Oct 29 2007, 09:22 AM
For the sake of our economy, some things HAVE to be imported. At least for the moment. You can't suddenly stop imports and expect everyone to pay a higher price for the same product they were getting. Which ever way you look at it, there are always going to be richer people and poorer people. Just because it is better for the environment and for the farmers, you can't force poorer people to buy what could be higher priced good, just because they were grown in their country.
I believe that most produce should be grown in the country it will be consumed in, but obviously more "exotic" goods- coffee, pineapples, oranges, cocoa etc has to be imported because many places just don't have the climate for it. Other things such as cars, paper and card, electronics, clothes etc should most definitely be made in the country of use. People should get out of the idea that it is ok to buy a £5 dress from Primark, manufactured in Vietnam, that will break after wearing it a couple of times. They should be buying more expensive and better made clothes, and keeping them for longer.
Then again, hemp should be the staple fibre instead of cotton (less chemicals needed for growing, less water needed therefore better for the growers and the consumers), and people should care where their clothes come from.
As you can probably tell, this is a subject I feel pretty passionate about but unfortunately I have too many arguements and they come out in a jumbled mess!
Oct 29 2007, 11:22 AM
I have many opinions on this topic also, but not enough time to essay them all out plus I don't have a writing style good enough to express it all.
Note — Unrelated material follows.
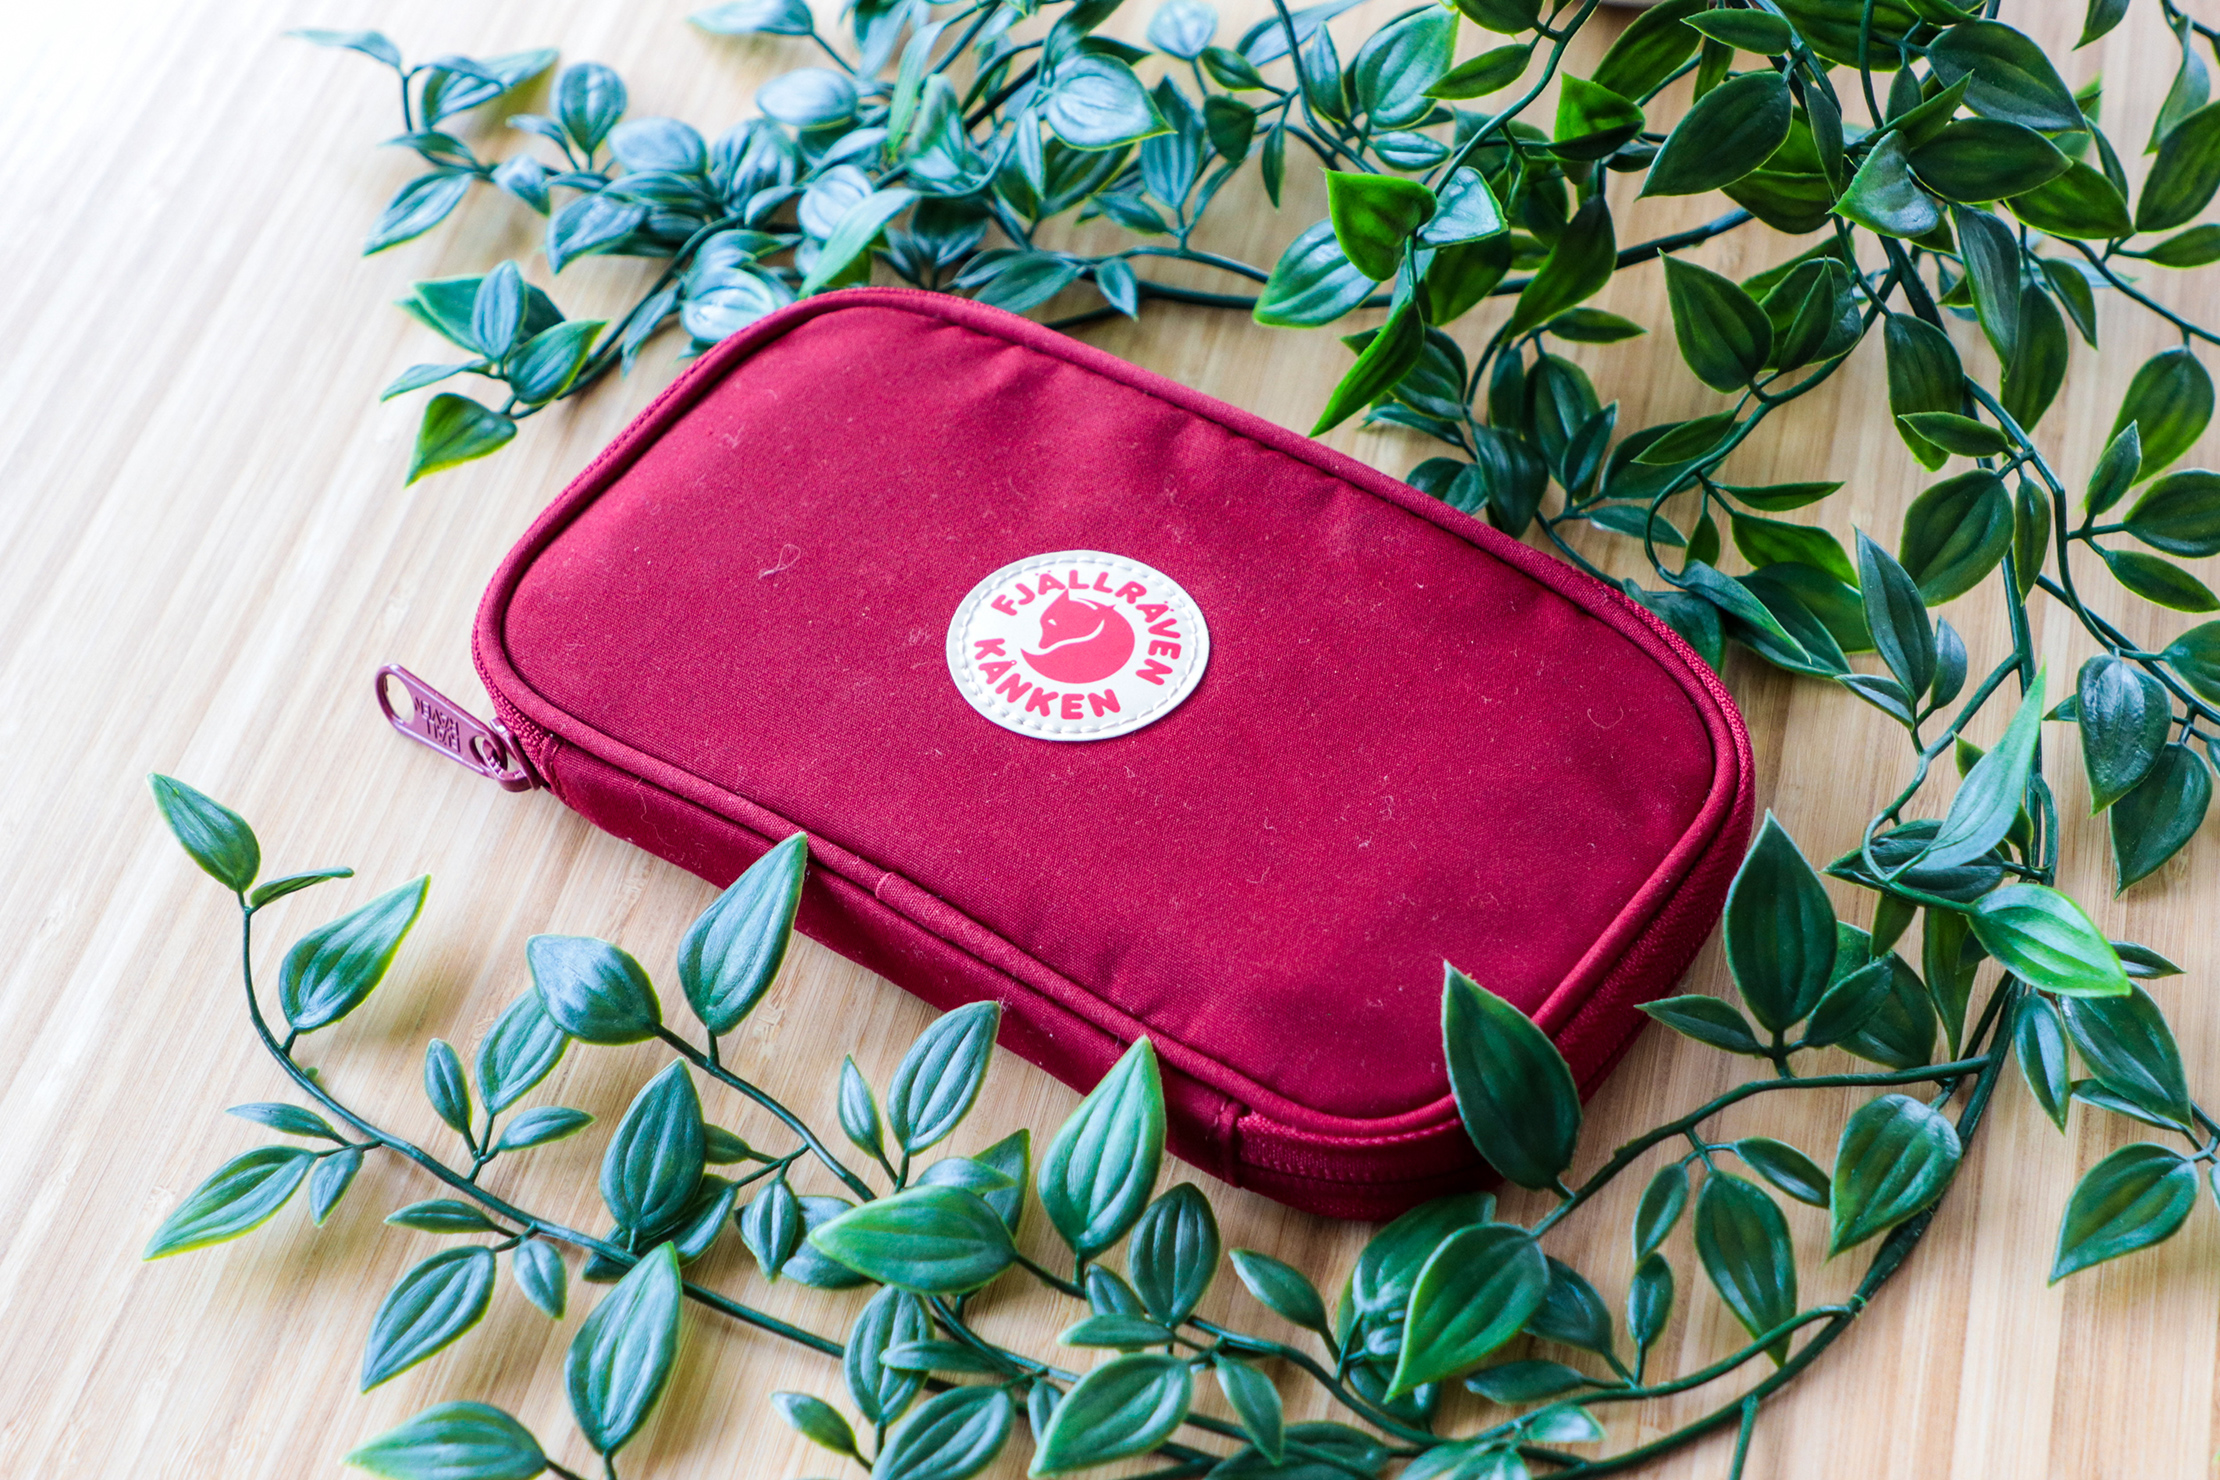 Fjallraven Kanken Travel Wallet With Plants

But still as always there exists books out there that have explained a lot about how I feel but written it better than I could ever hope to, It's called 'Collapse, How civilisations choose to survive or fall'.
Civilisations refusing to develop trade relations and learning from their neighbours technology and hunting techniques is one of the main causes of many civilisations collapses. In order from strongest, the most common reasons are, over population compared to resources available, then inability to adapt to a change in climate or natural disaster, war with the neighbours, and then inability to develop trade agreements with the neighbours.
I could go on about all 4 but that would drag me off topic so I'll just stick with the trade stuff.
Growing goods in your own country and manafacturing goods in your own country only works when you were always doing it in the first place. The very second you move on to trading then your pretty much stuck with it. Both you and your trade partner become dependent on it continuing. Take the cotten trade for example. I don't like cotton, it's bad in so many many ways. Even organically grown un-chemically treated cotton. The cotton plant is a supremely thirsty plant and as such it slowly destroys the lands ability to withhold water and thus local rivers flood like mad and destroy the lives of many many locals everytime the rains are too heavy. They would theoretically have more to gain from less cotton being grown than we ever have. We just want a mildly stronger economy, they (inland China) would like their houses not washed away. Yet from vast areas cotton continues to be the main export. So why do they do it?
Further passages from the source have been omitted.